I have worked with him for all his 4 years there. He is a good, competent,
typical startup guy who fits better at an early stage. But I think that the
way he is (and many others in the valley are) measuring payout is flawed. I
hope this audience doesn't generalize and extrapolate Jeff's observations.
Especially in the context of Box.

For those who have never worked at Box, it's very hard to describe how special
that place is. The culture is (or at least was) hands down one of the best
I've experienced. The bar to entry is high, both culturally and technically.
Everyone has a drive to do the right thing for the customer, and has had a
meaningful opportunity to contribute. All of us there have built amazing
relationships and grown (tremendously) professionally over the years. Many of
us have even gone on to build successful businesses, on the strength of those
relationships (e.g.
[http://interviewkickstart.com](http://interviewkickstart.com)).

THAT is the payout.

The fact that Sutton can now hop from one good startup to another in the
valley is the payout.

The fact that companies look at his resume and trust him to help their IT
infra grow from 40 to 1000, is the payout.
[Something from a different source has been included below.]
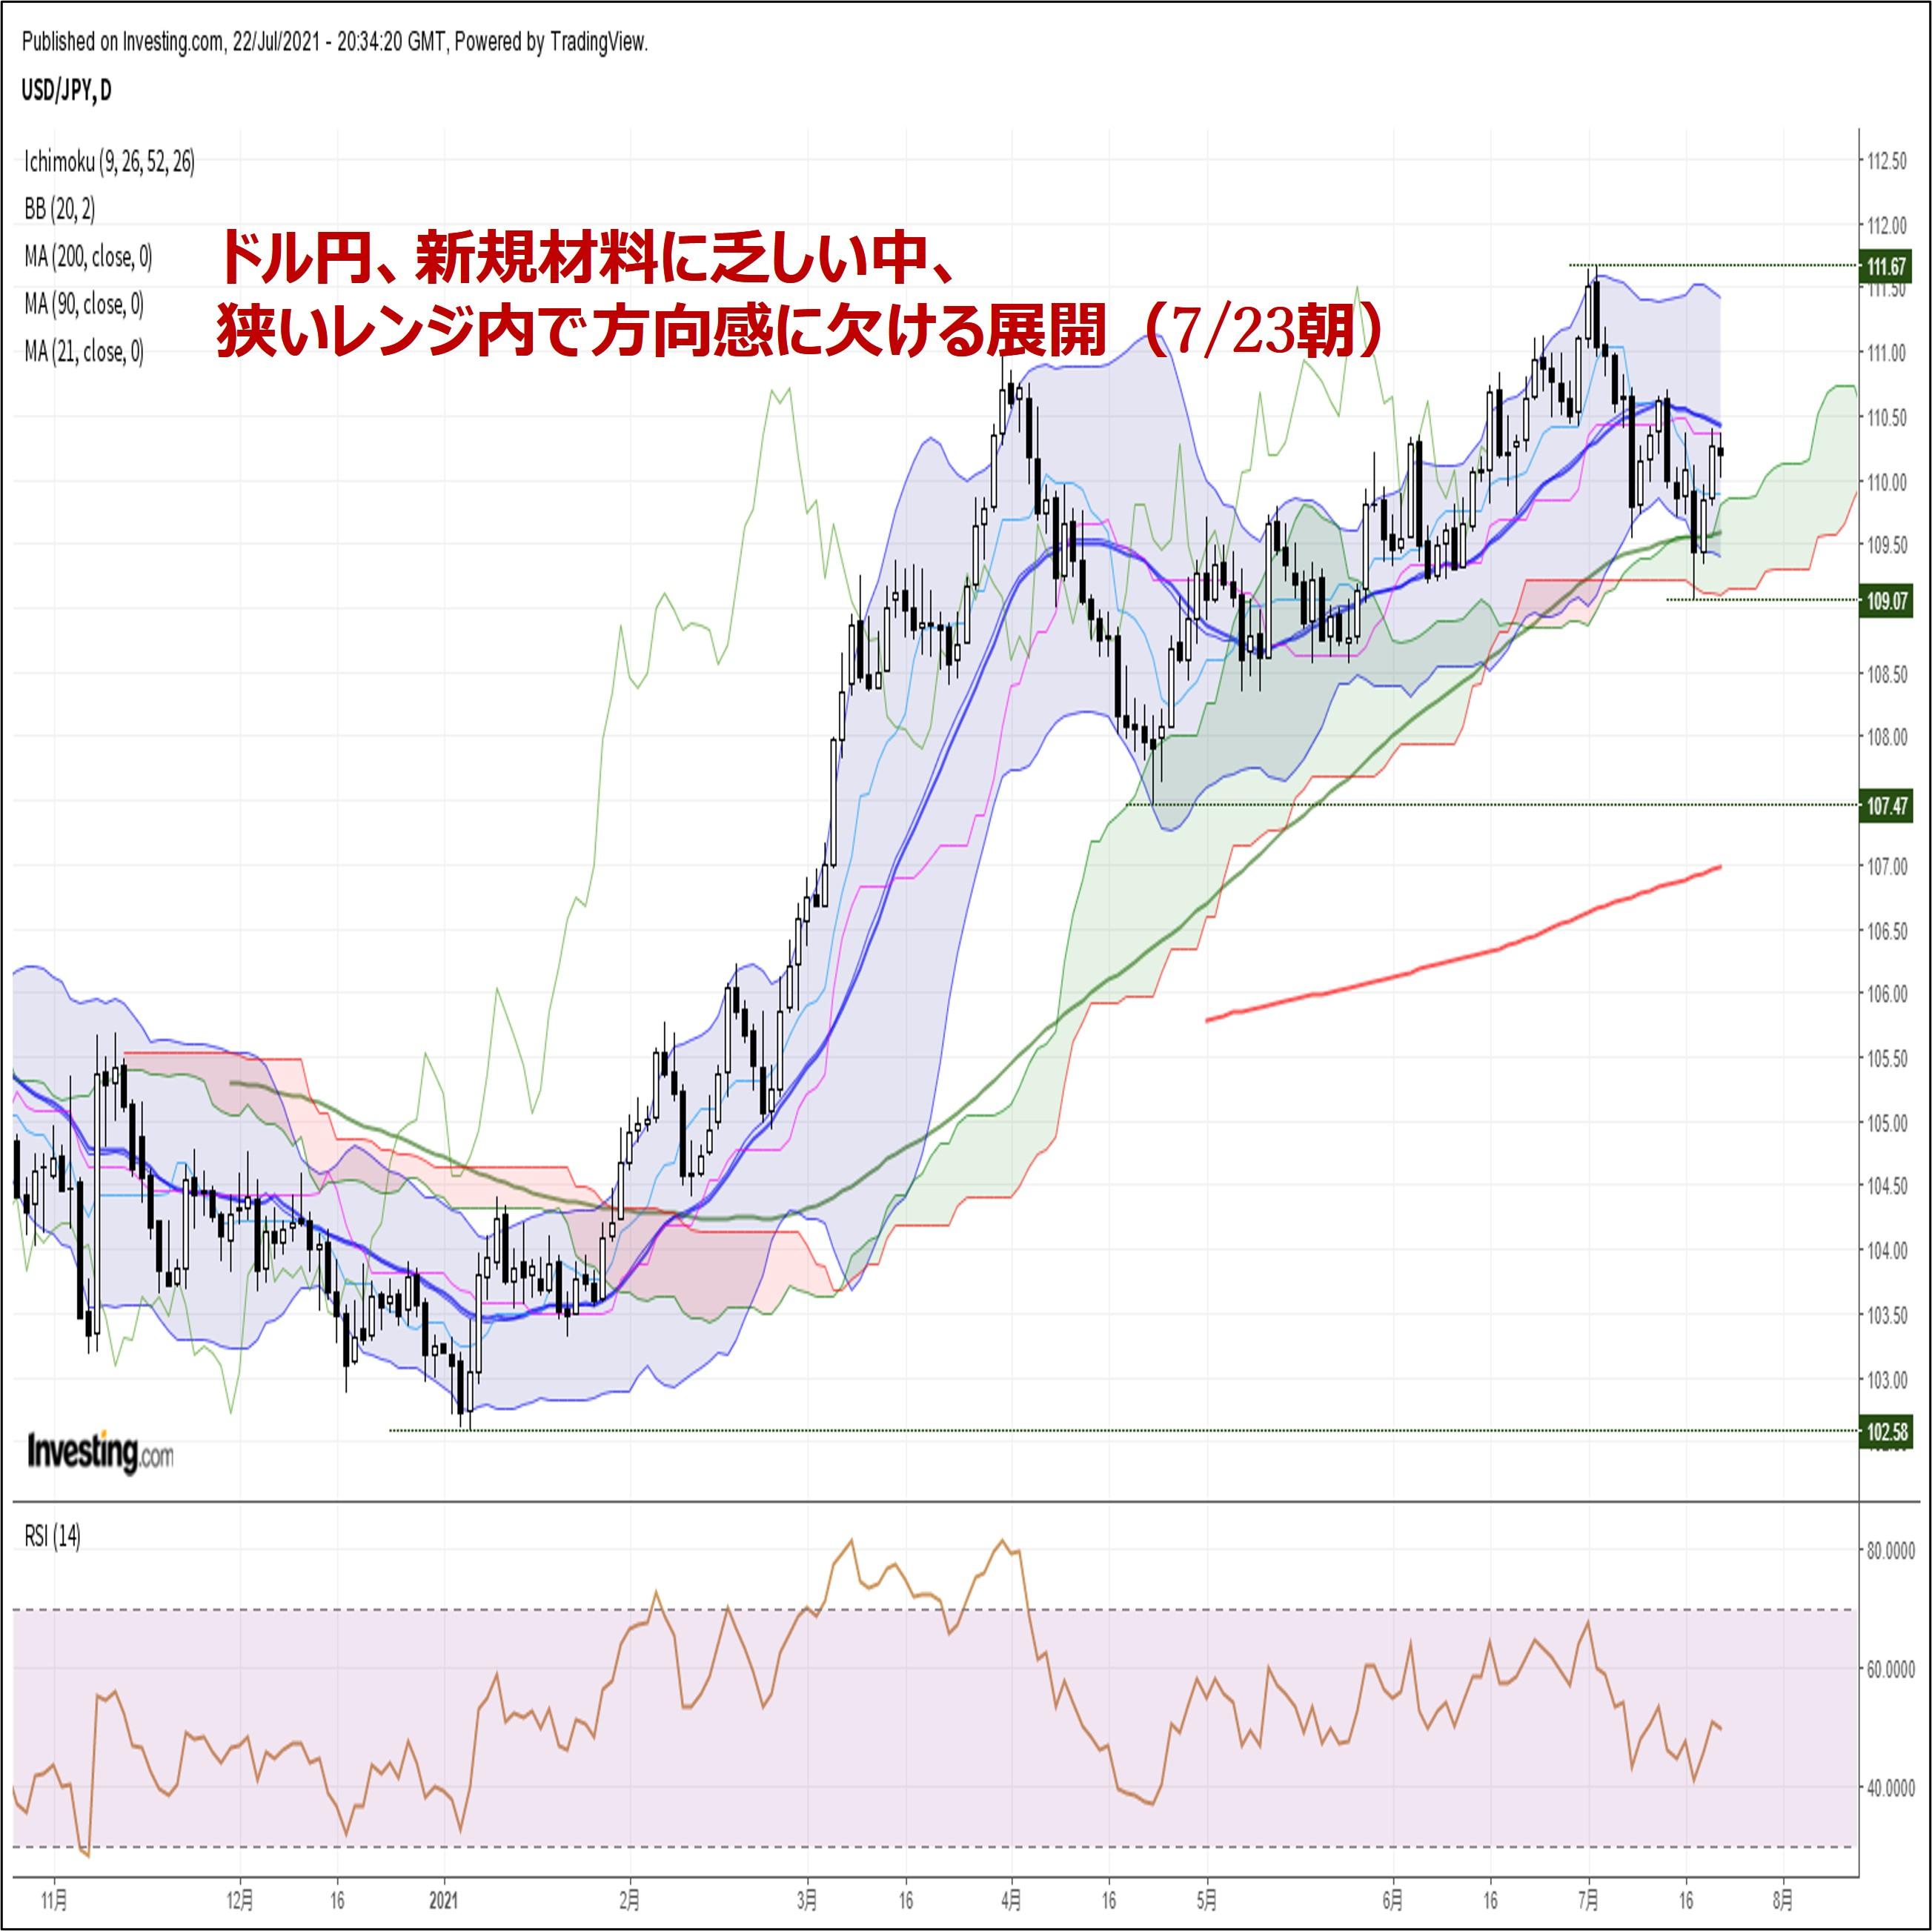 ドル円、新規材料に乏しい中、狭いレンジ内で方向感に欠ける展開(7/23朝)

The fact that he can proudly recount to his friends, that he worked at Box
early, is the payout.

The fact that he can call upon any relationship from those years and they
pickup his phone, is the payout.

The fact that he is not worried about his next startup job in the valley
anymore, is the payout (that wouldn't have happened had he stayed at IBM).

The fact that he can put down payment to a house and raise a family in a
decent part of Bay Area, is the payout.

And btw, the fact that his IT management helped 1000 of us serve a million+
customers to organize and secure their data, is also the payout.

In a startup, you value people and an opportunity to do meaningful things,
above everything else. You want to be a part of that small group, that moves
the needle in this massively morbid and unpredictable world. Anything else, is
bonus.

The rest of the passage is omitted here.